Now, we can simply use dice() for Craps. We'll need to use dice(6) for Zonk.

In this recipe, the name didn't need to evolve through multiple versions. This version looks precisely like dice_v2() from the previous recipe. This isn't an accident – the two design strategies often converge on a common solution.

How it works...

Python's rules for providing parameter values are very flexible. There are several ways to ensure that each parameter is given an argument value when the function is evaluated. We can think of the process like this:

Set each parameter to its default value. Not all parameters have defaults, so some parameters will be left undefined.
For arguments without names – for example, dice(2) – the argument values are assigned to the parameters by position.
For arguments with names – for example, dice(n: int = 2) – the argument values are assigned to parameters by name. It's an error to assign a parameter both by position and by name.
If any parameter still doesn't have a value, this raises a TypeError exception.
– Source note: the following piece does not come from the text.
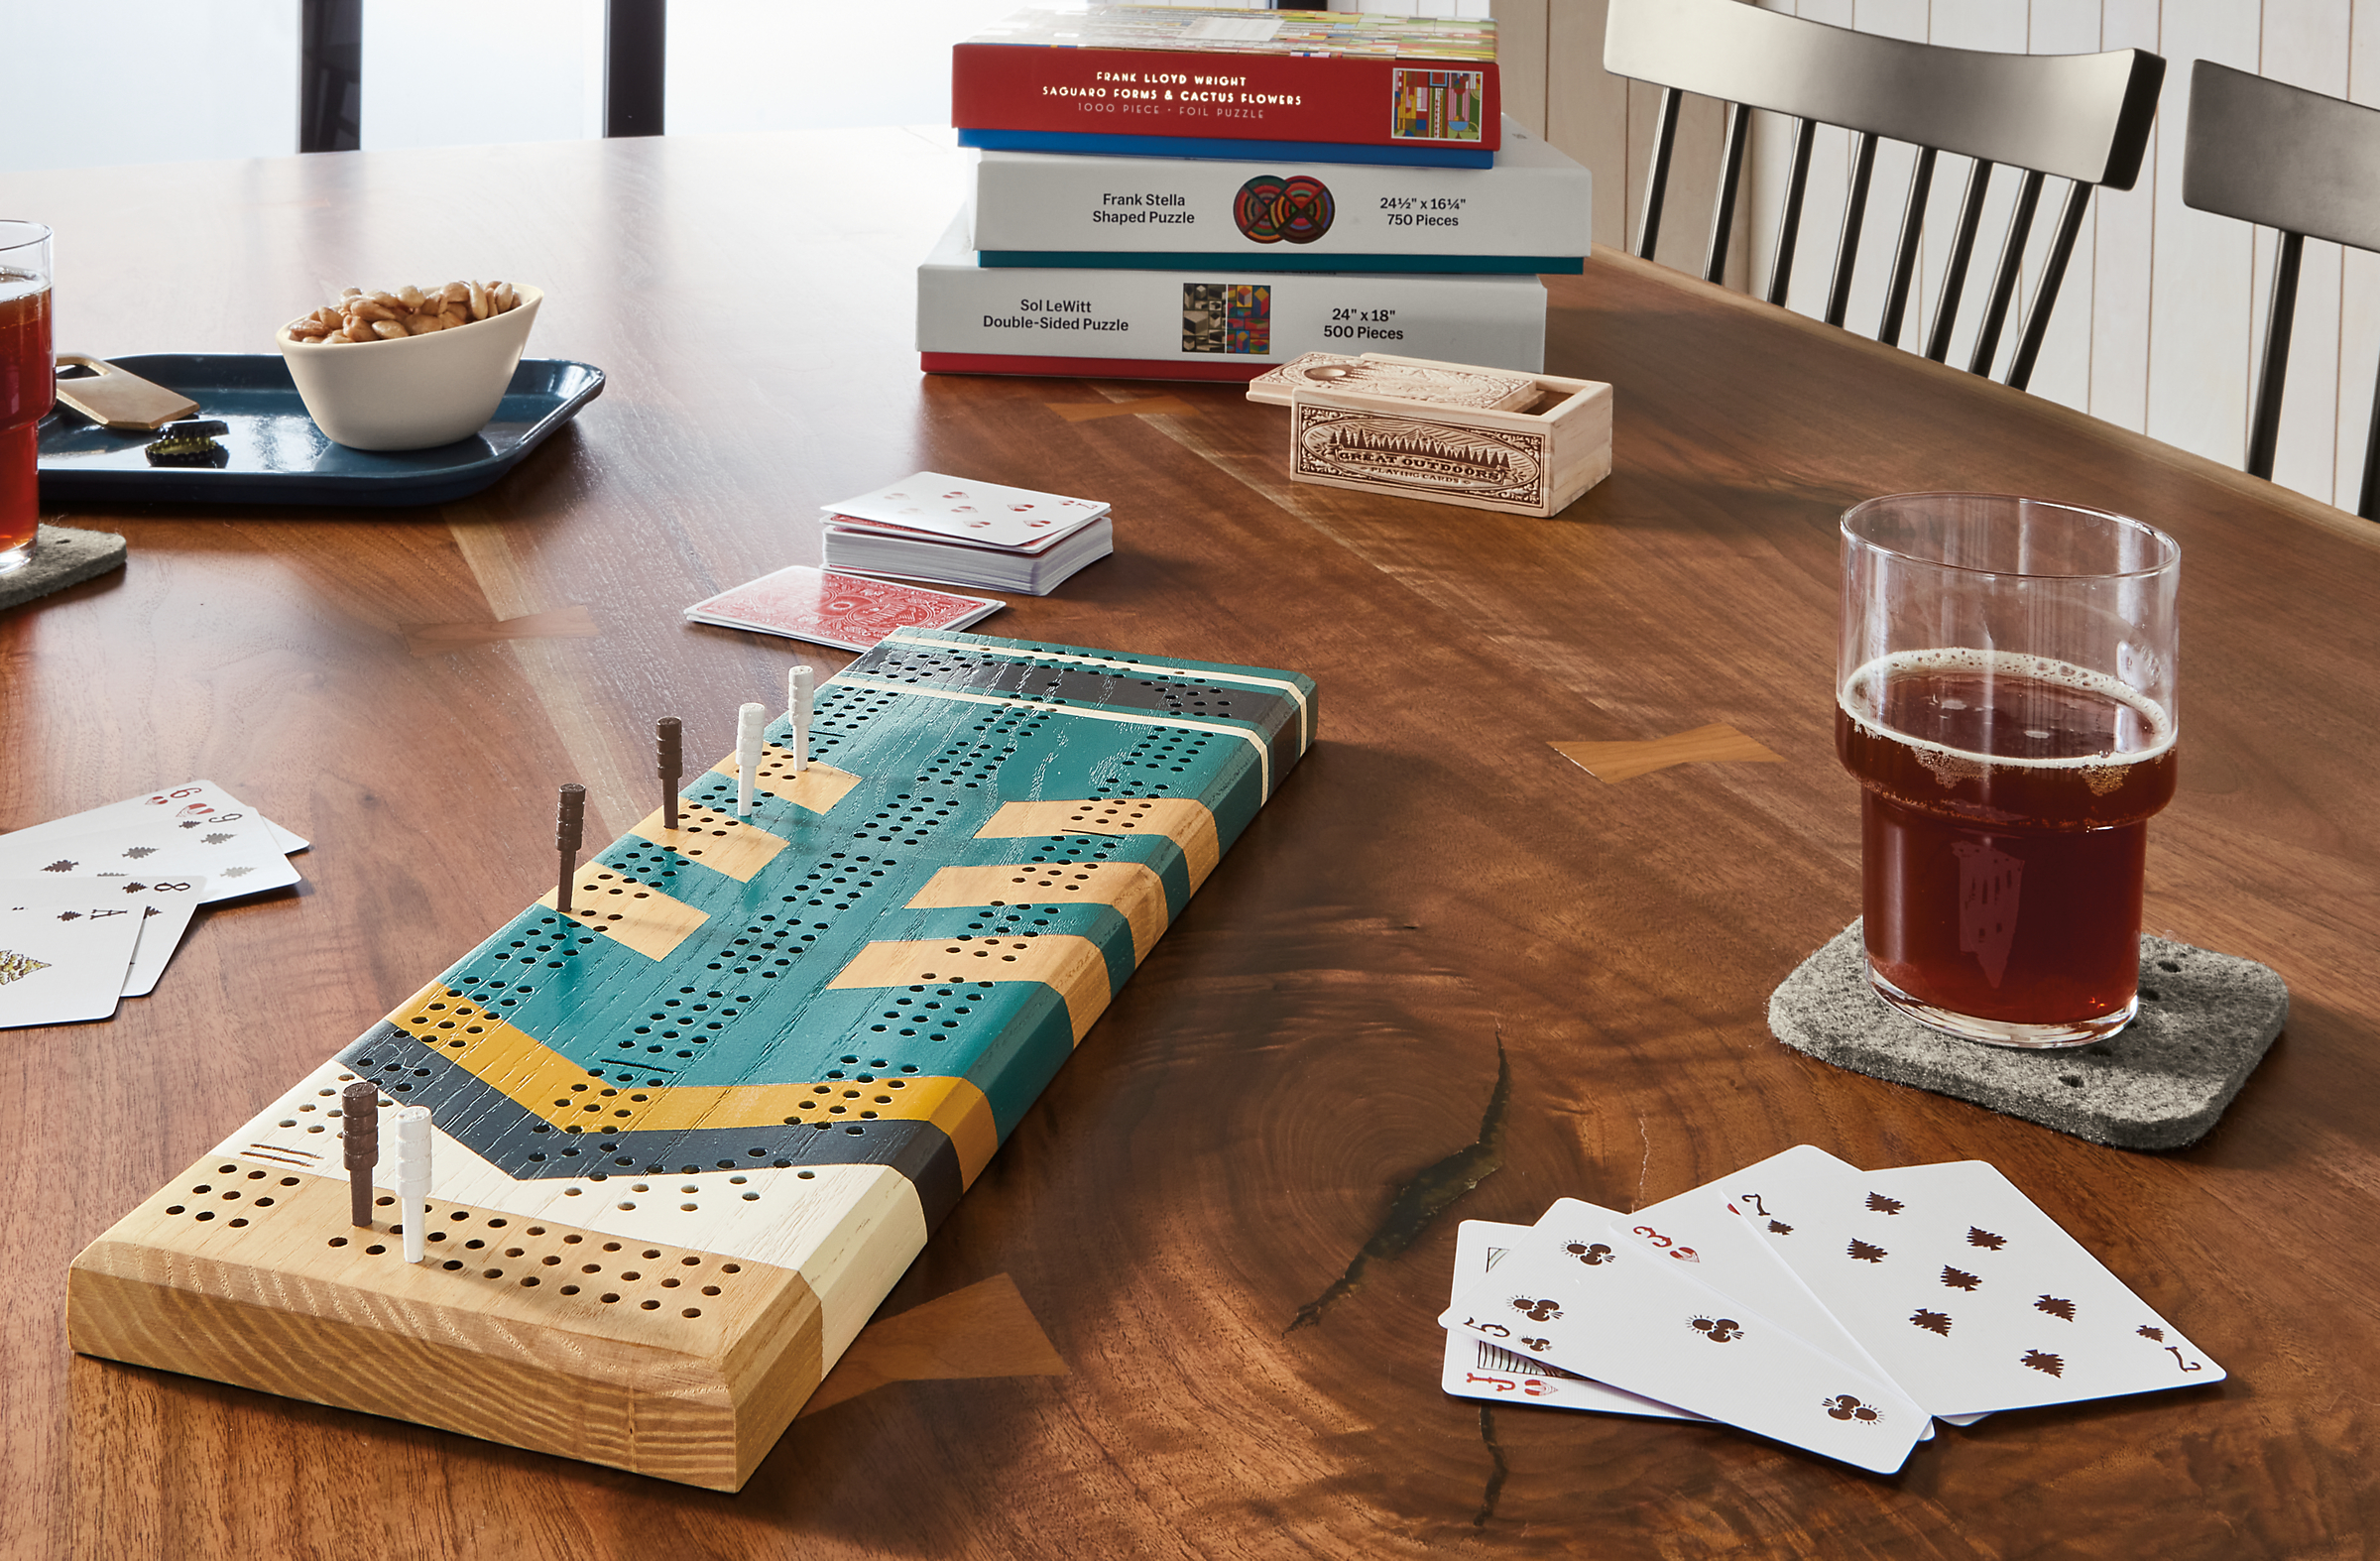 Home décor setting with Portage cribbage board and Great Outdoor playing cards.

These rules allow us to create functions that use default values to make some parameters optional. The rules also allow us to mix positional values with named values.

The use of optional parameters stems from two considerations:

Can we parameterize the processing?
What's the most common argument value for that parameter?

Introducing parameters into a process definition can be challenging. In some cases, it helps to have concrete example code so that we can replace literal values (such as 2 or 6) with a parameter.

In some cases, however, the literal value doesn't need to be replaced with a parameter. It can be left as a literal value. Our die() function, for example, has a literal value of 6 because we're only interested in standard, cubic dice. This isn't a parameter because we don't see a need to make a more general kind of die. For some popular role-playing games, it may be necessary to parameterize the number of faces on the die to support monsters and wizards.

There's more...

If we want to be very thorough, we can write functions that are specialized versions of our more generalized function. These functions can simplify an application:

def craps():
    return dice(2)
def zonk():
    return dice(6)

Our application features – craps() and zonk() – depend on a general function, dice(). This, in turn, depends on another function, die(). We'll revisit this idea in the Picking an order for parameters based on partial functions recipe.

Each layer in this stack of dependencies introduces a handy abstraction that saves us from having to understand too many details in the lower layers. This idea of layered abstractions is sometimes called chunking. It's a way of managing complexity by isolating the details.

In this example, our stack of functions only has two layers. In a more complex application, we may have to introduce parameters at many layers in a hierarchy.